当单机爬虫无法满足大规模数据采集需求时,我们需要考虑分布式架构。Crawlee 虽然是单机库,但可以与消息队列、分布式任务调度系统结合,构建高效的分布式爬虫。

# distributed_crawler_concept.py

import asyncio
import json
from typing import List, Dict, Any, Optional
from dataclasses import dataclass, field
from datetime import datetime
from enum import Enum
import hashlib

# =====================================
# 分布式架构概念演示
# =====================================

class QueueType(Enum):
    """消息队列类型"""
    REDIS = "redis"
    RABBITMQ = "rabbitmq"
    SQS = "sqs"

@dataclass
class DistributedTask:
    """分布式任务"""
    task_id: str
    task_type: str
    payload: Dict[str, Any]
    priority: int = 0
    created_at: str = ""
    scheduled_at: Optional[str] = None
    attempts: int = 0
    max_attempts: int = 3

    def __post_init__(self):
        if not self.created_at:
            self.created_at = datetime.now().isoformat()
        if not self.task_id:
            self.task_id = hashlib.md5(
                json.dumps(self.payload, sort_keys=True).encode()
            ).hexdigest()[:16]

class RedisQueueAdapter:
    """Redis 队列适配器"""

    def __init__(self, redis_url: str):
        self.redis_url = redis_url
        self.connected = False

    async def connect(self) -> None:
        """连接到 Redis"""
        print(f"连接到 Redis: {self.redis_url}")
        # 实际应该使用 aioredis 或 redis-py
        self.connected = True
        print("连接成功")

    async def enqueue(self, task: DistributedTask) -> None:
        """入队任务"""
        task_json = json.dumps(task.__dict__, ensure_ascii=False)
        # 实际应该使用 LPUSH 或 RPUSH
        print(f"任务入队: {task.task_id} ({task.task_type})")

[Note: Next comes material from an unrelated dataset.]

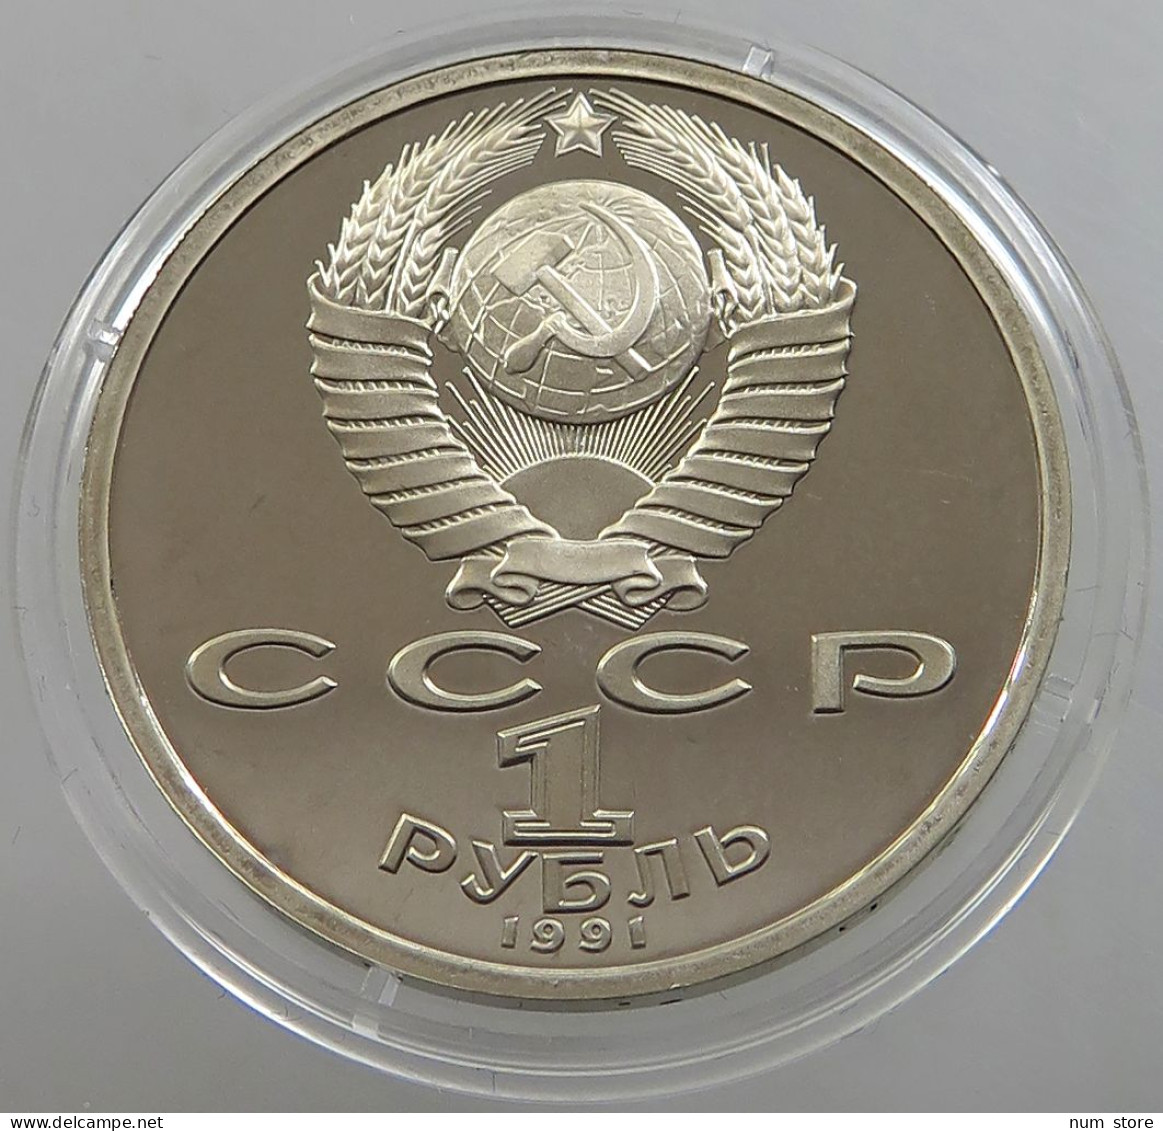 RUSSIA USSR 1 ROUBLE 1991 BARCELONA PROOF #sm14 0715 - Russia

    async def dequeue(self) -> Optional[DistributedTask]:
        """出队任务"""
        # 实际应该使用 BRPOP 或 BLPOP
        print("等待任务...")
        return None

    async def get_queue_size(self) -> int:
        """获取队列大小"""
        return 0

class CrawlerWorker:
    """爬虫工作节点"""

    def __init__(self, worker_id: str, queue: RedisQueueAdapter):
        self.worker_id = worker_id
        self.queue = queue
        self.processed_count = 0
        self.running = False

    async def start(self) -> None:
        """启动工作节点"""
        print(f"工作节点 {self.worker_id} 启动")
        self.running = True

        while self.running:
            task = await self.queue.dequeue()
            if task:
                await self.process_task(task)
            else:
                await asyncio.sleep(1)

    async def process_task(self, task: DistributedTask) -> None:
        """处理任务"""
        print(f"[{self.worker_id}] 处理任务: {task.task_id}")

        try:
            # 根据任务类型执行相应操作
            if task.task_type == "scrape_url":
                await self.handle_scrape_task(task)
            elif task.task_type == "crawl_depth":
                await self.handle_depth_task(task)
            elif task.task_type == "parse_content":
                await self.handle_parse_task(task)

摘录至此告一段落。